## Exercise
Every line from the one with "Grandes Jorasses and" to the end of the listing below must be printed exactly, with no other text and no pictures.

## Stored data
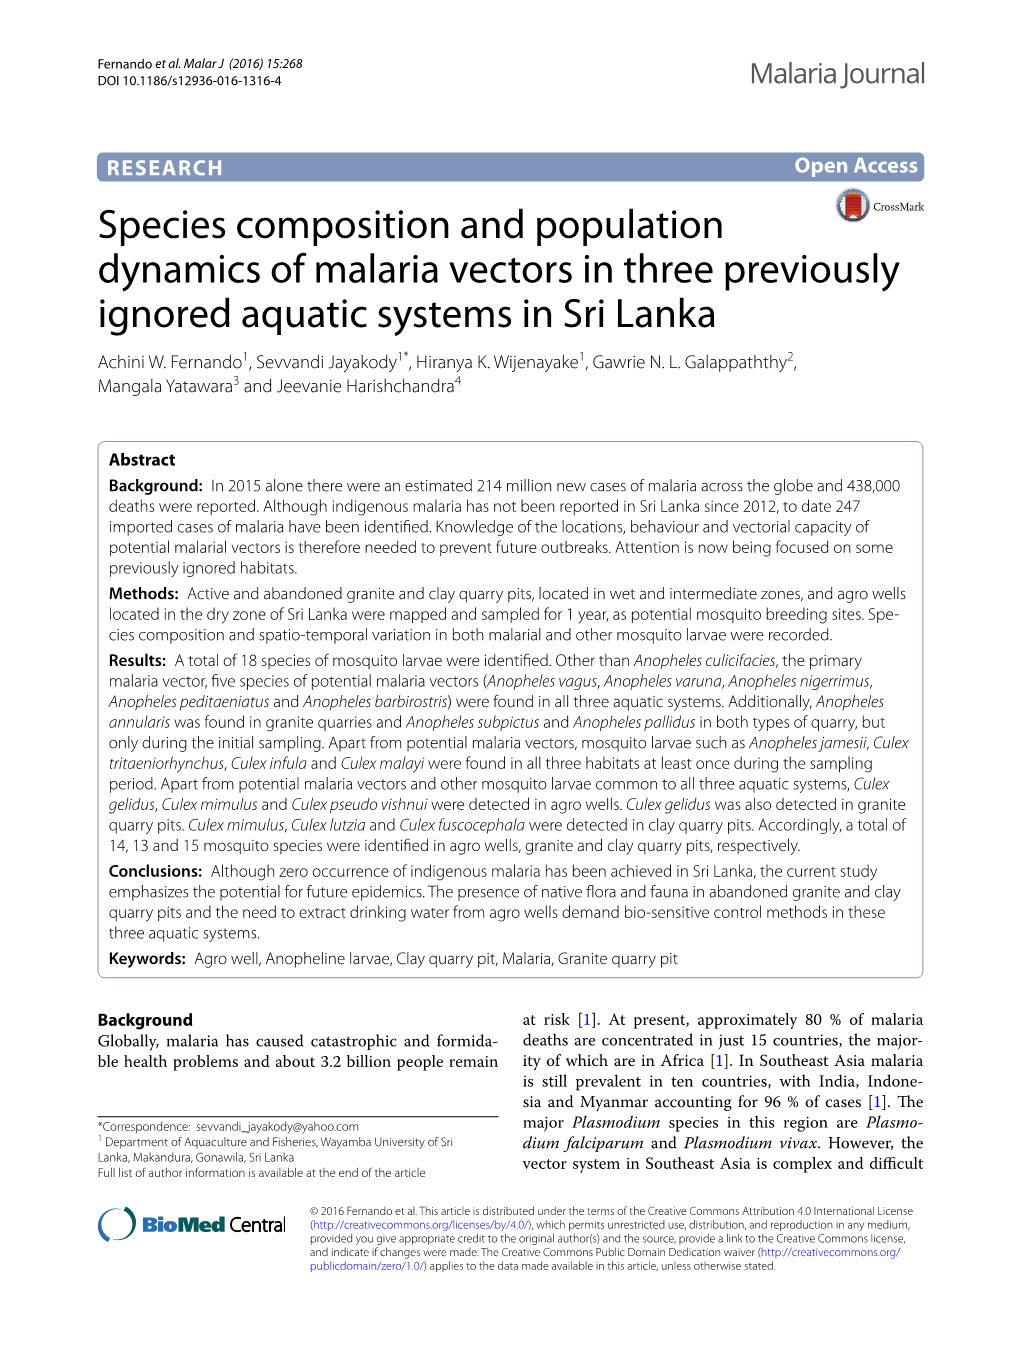 Species Composition and Population Dynamics of Malaria Vectors in Three Previously Ignored Aquatic Systems in Sri Lanka Achini W
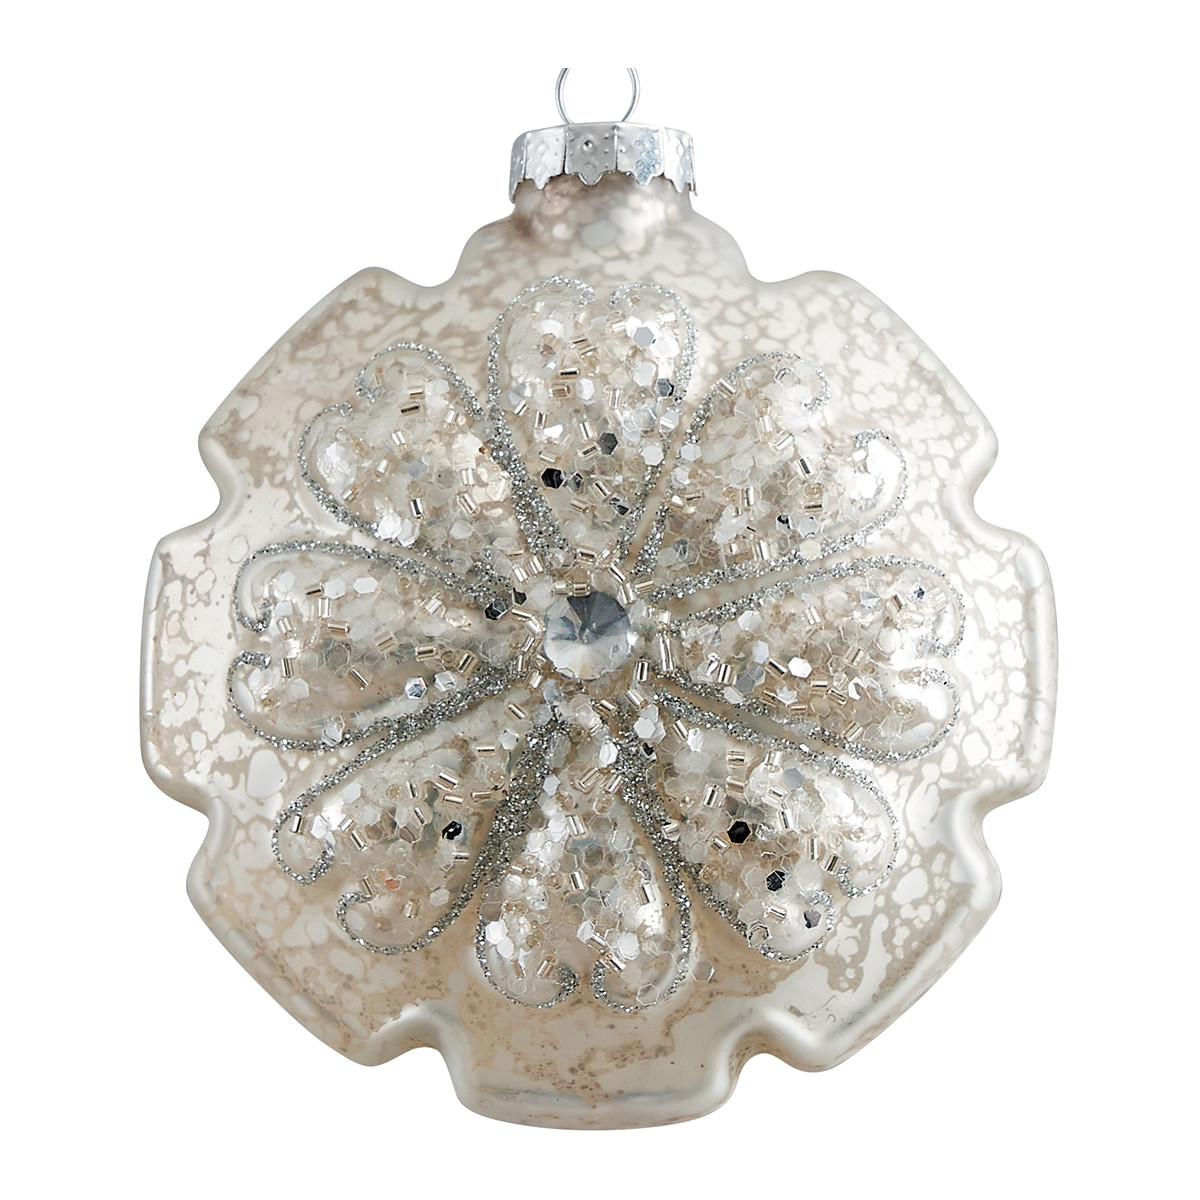 Adorno navideño flor cristal mercurizado – Modelo grande Navidad Mathilde M
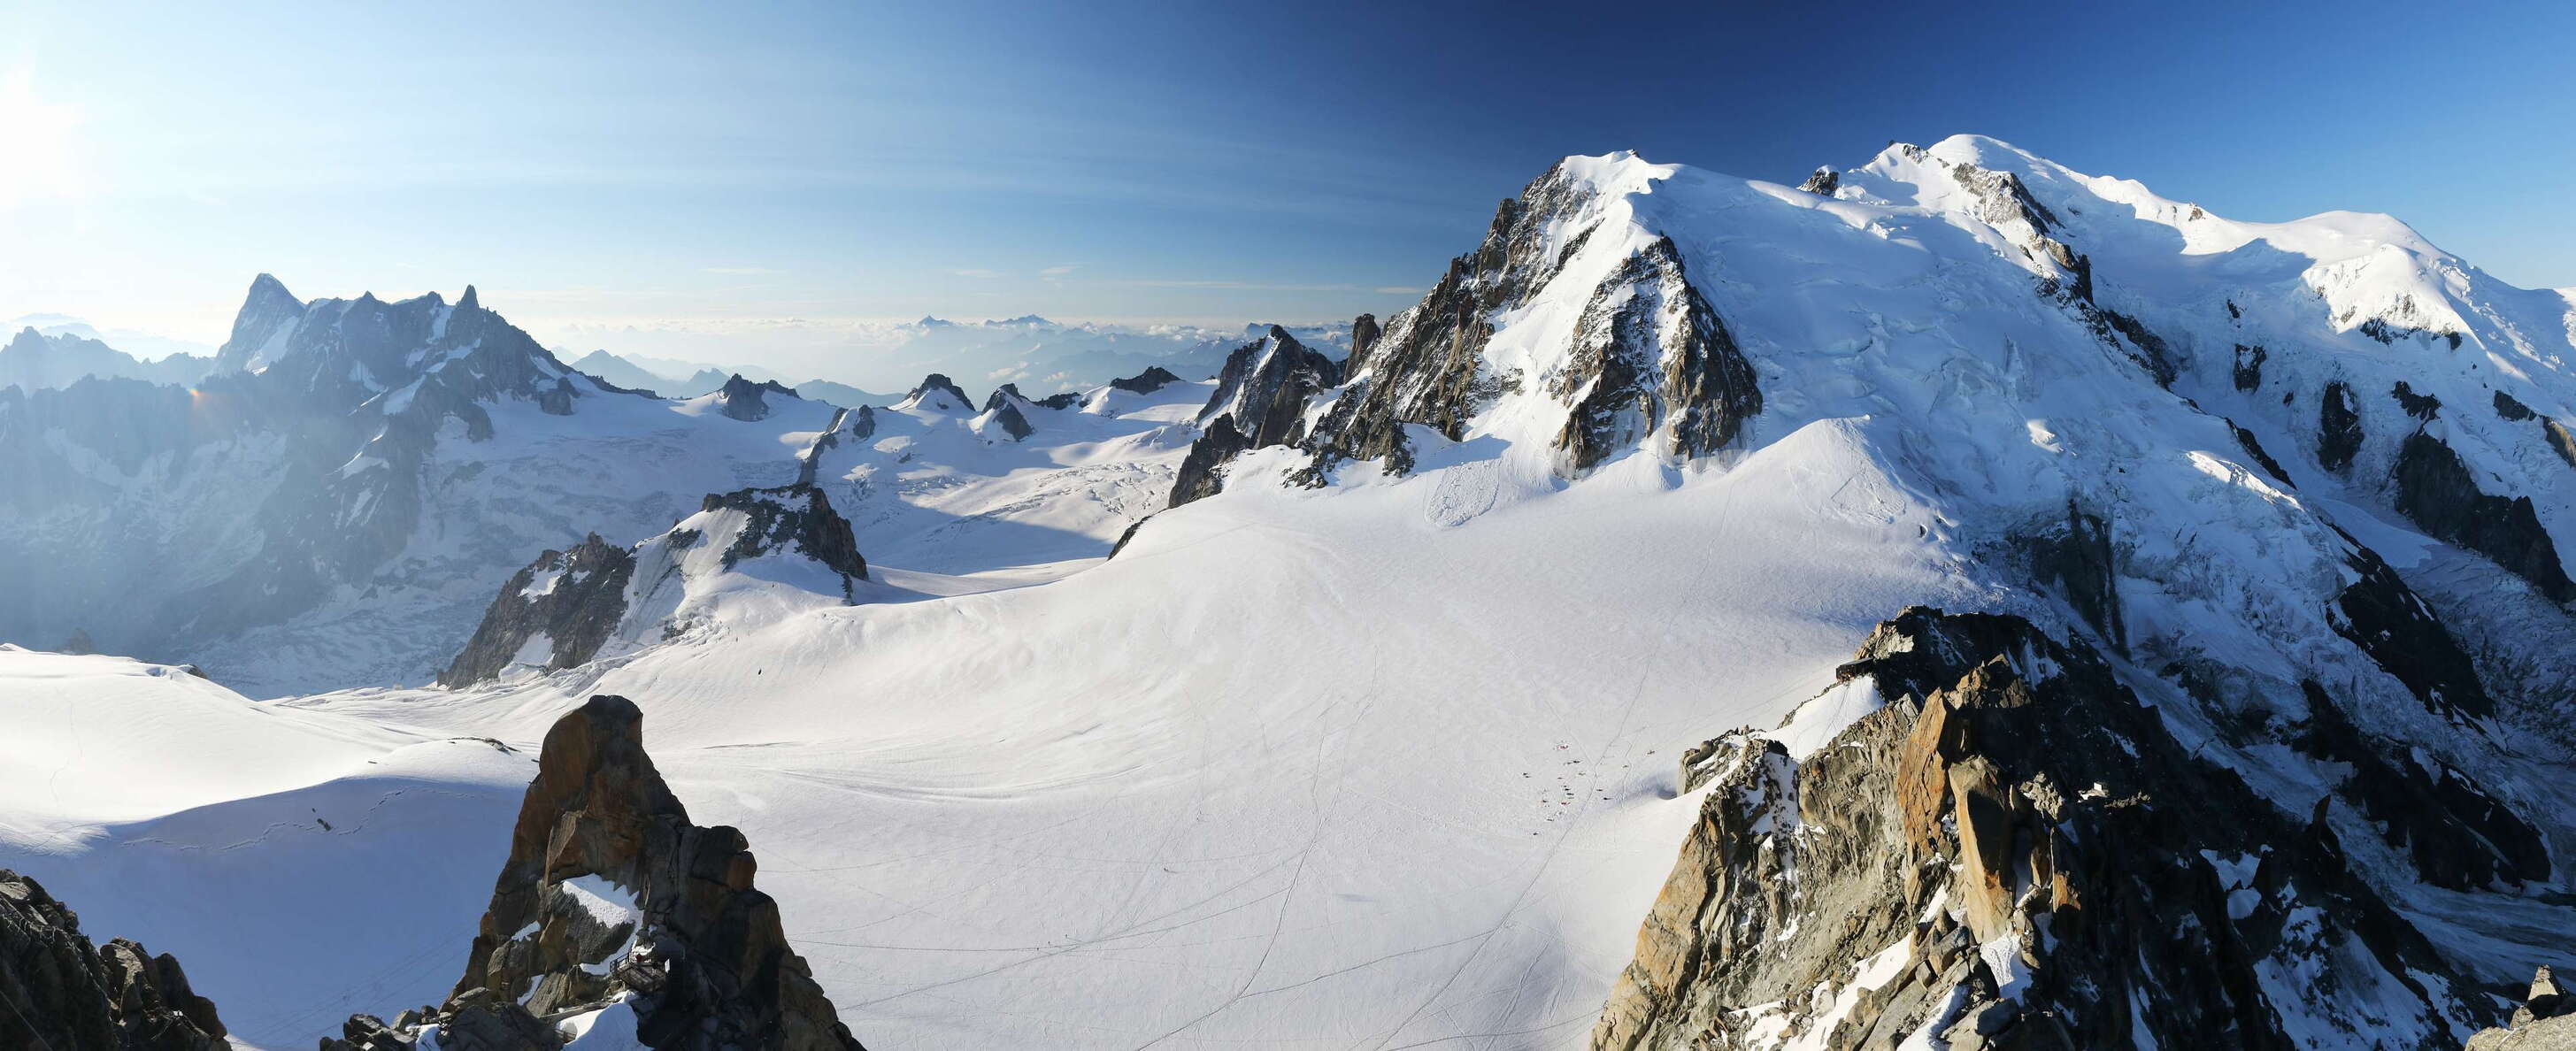 Grandes Jorasses and Mont Blanc | Panoramic view
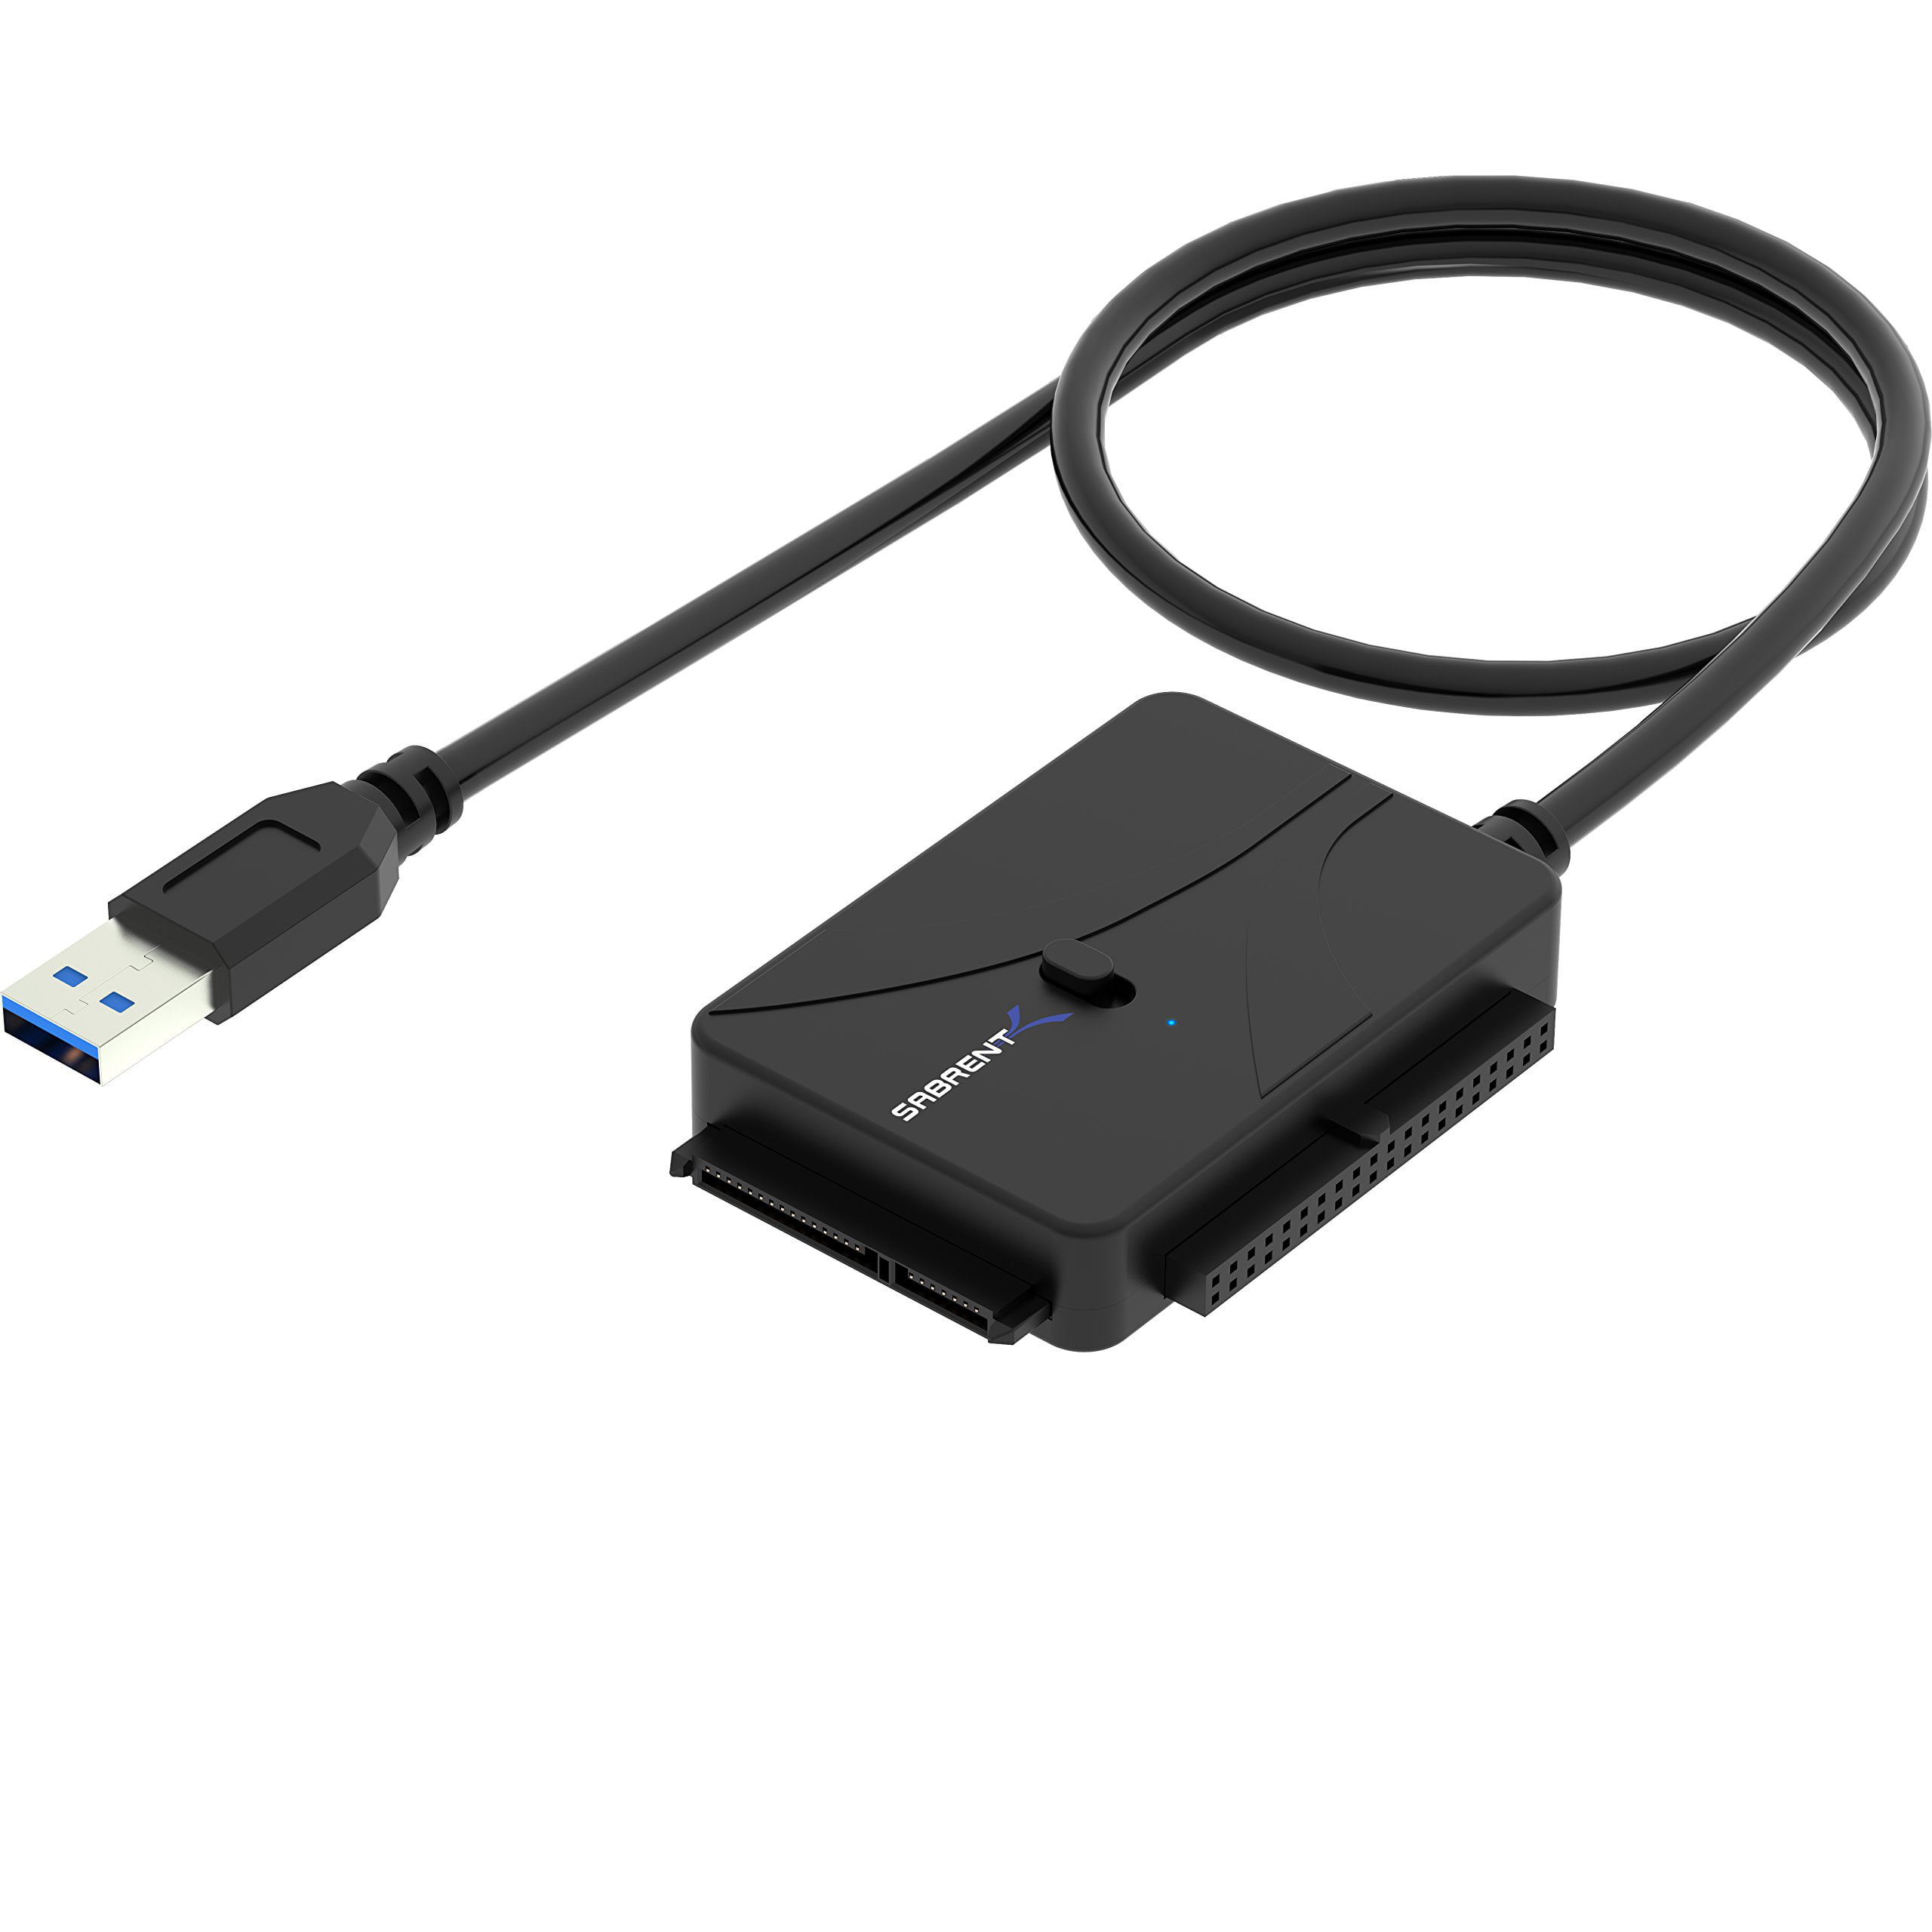 USB 3.0 to IDE/SATA Converter Adapter Kit For 2.5"/3.5" SATA/IDE/SSD Hard Drive

## Exercise result
 Grandes Jorasses and Mont Blanc | Panoramic view
 USB 3.0 to IDE/SATA Converter Adapter Kit For 2.5"/3.5" SATA/IDE/SSD Hard Drive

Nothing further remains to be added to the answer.